The influx would block as much sunlight as the outpourings from three volcanic eruptions a year, and it would last a lot longer. “It takes 200,000 years to cross the cloud,” Pavlov says. The result would be a Snowball Earth. Though Hoffman was initially cool towards Pavlov’s theory, he has quickly come round. “I can’t see anything wrong with this idea,” he says.

If dust did pour into the atmosphere, it might have left increased levels of uranium-235 in rocks. “It’s for geologists now to go and look,” Pavlov says. But Hoffman is not convinced that looking for uranium-235 is the right thing to do. “Uranium isotope ratios are easily altered in carbonate rocks,” he says. He hopes to devise other tests to verify Pavlov’s theory.

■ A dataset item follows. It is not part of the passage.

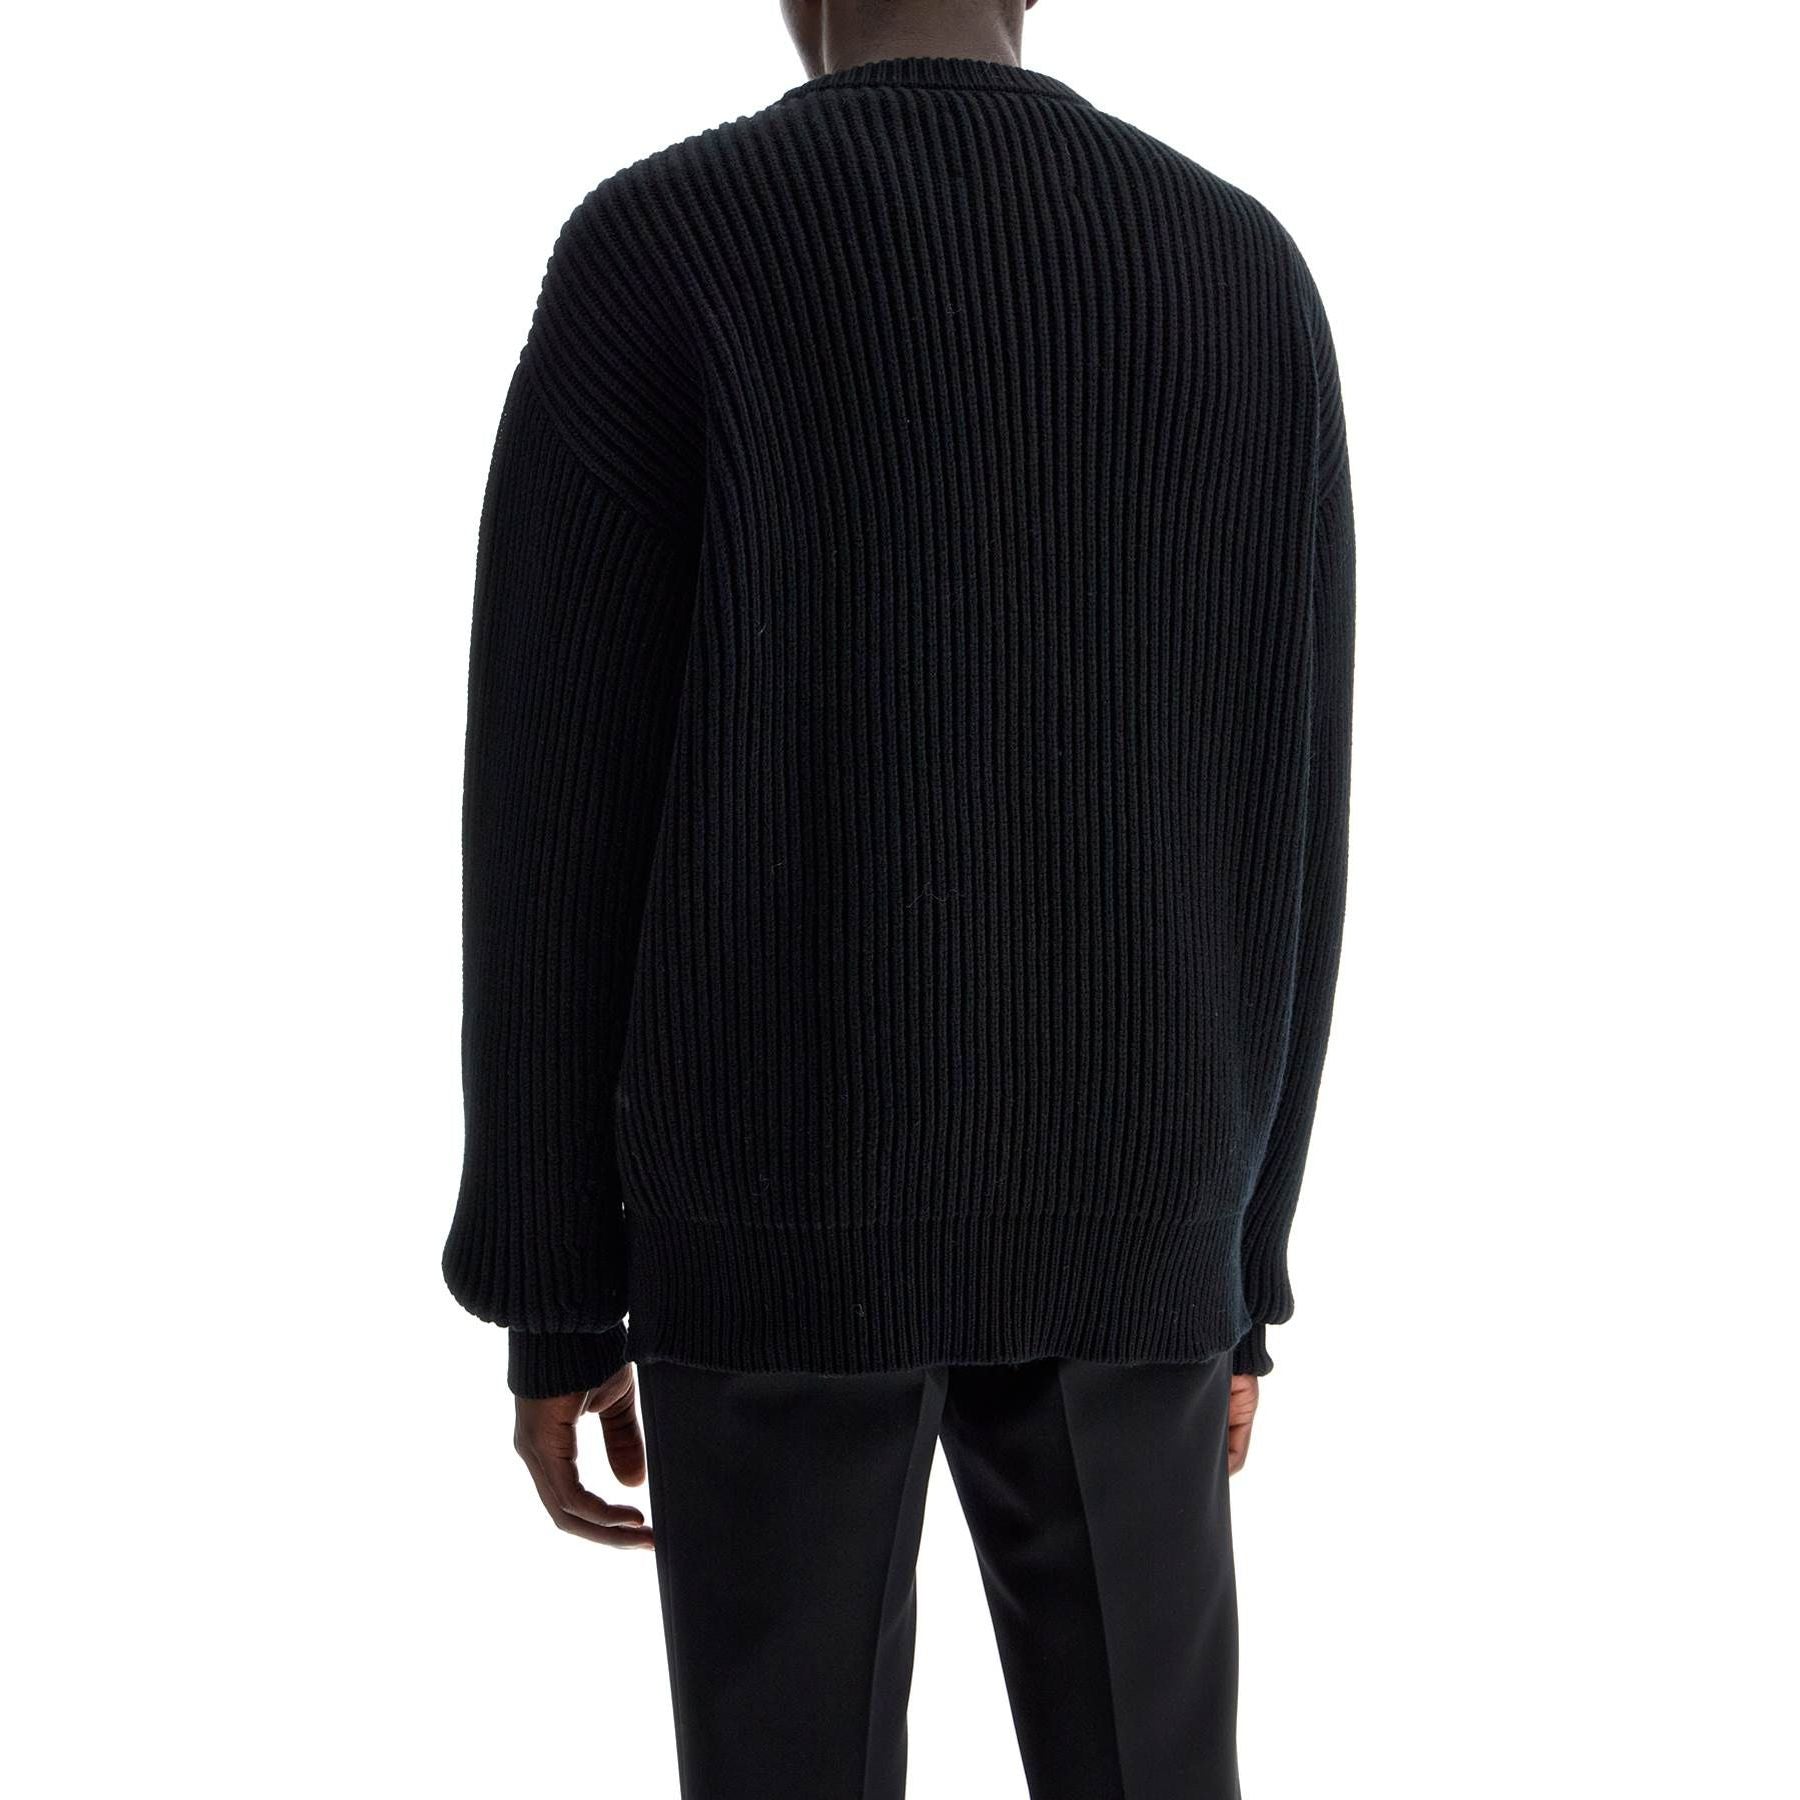 Ribbed Wool Knit Sweater

In 2002 Schrag and Pavlov independently came up with another possible trigger for Snowball Earth: a fall in levels of the greenhouse gas methane. But Pavlov now says it is difficult to explain how methane levels could have risen again. “I would love it to be true, but it doesn’t work,” he says. Other explanations have also had trouble accounting for the abrupt change necessary to trigger a Snowball Earth.

“The influx of dust would block as much sunlight as three volcanic eruptions a year, and it would last a lot longer”

While Earth will rarely encounter galactic clouds dense enough to trigger a global ice age, less dense clouds could also have a serious effect. By compressing the protective solar wind shell surrounding the solar system, they might allow galactic cosmic rays and hydrogen from the cloud to enter the atmosphere. This would destroy the Earth’s ozone layer and allow in ultraviolet-B radiation from the sun that would kill many species (Geophysical Research Letters, vol 82, p 1815).

Our last line of defence against this would be the Earth’s magnetic field, but this vanishes roughly every 200,000 years when the poles reverse. “It’s not as bad as a snowball but it would probably destroy a lot,” Pavlov says.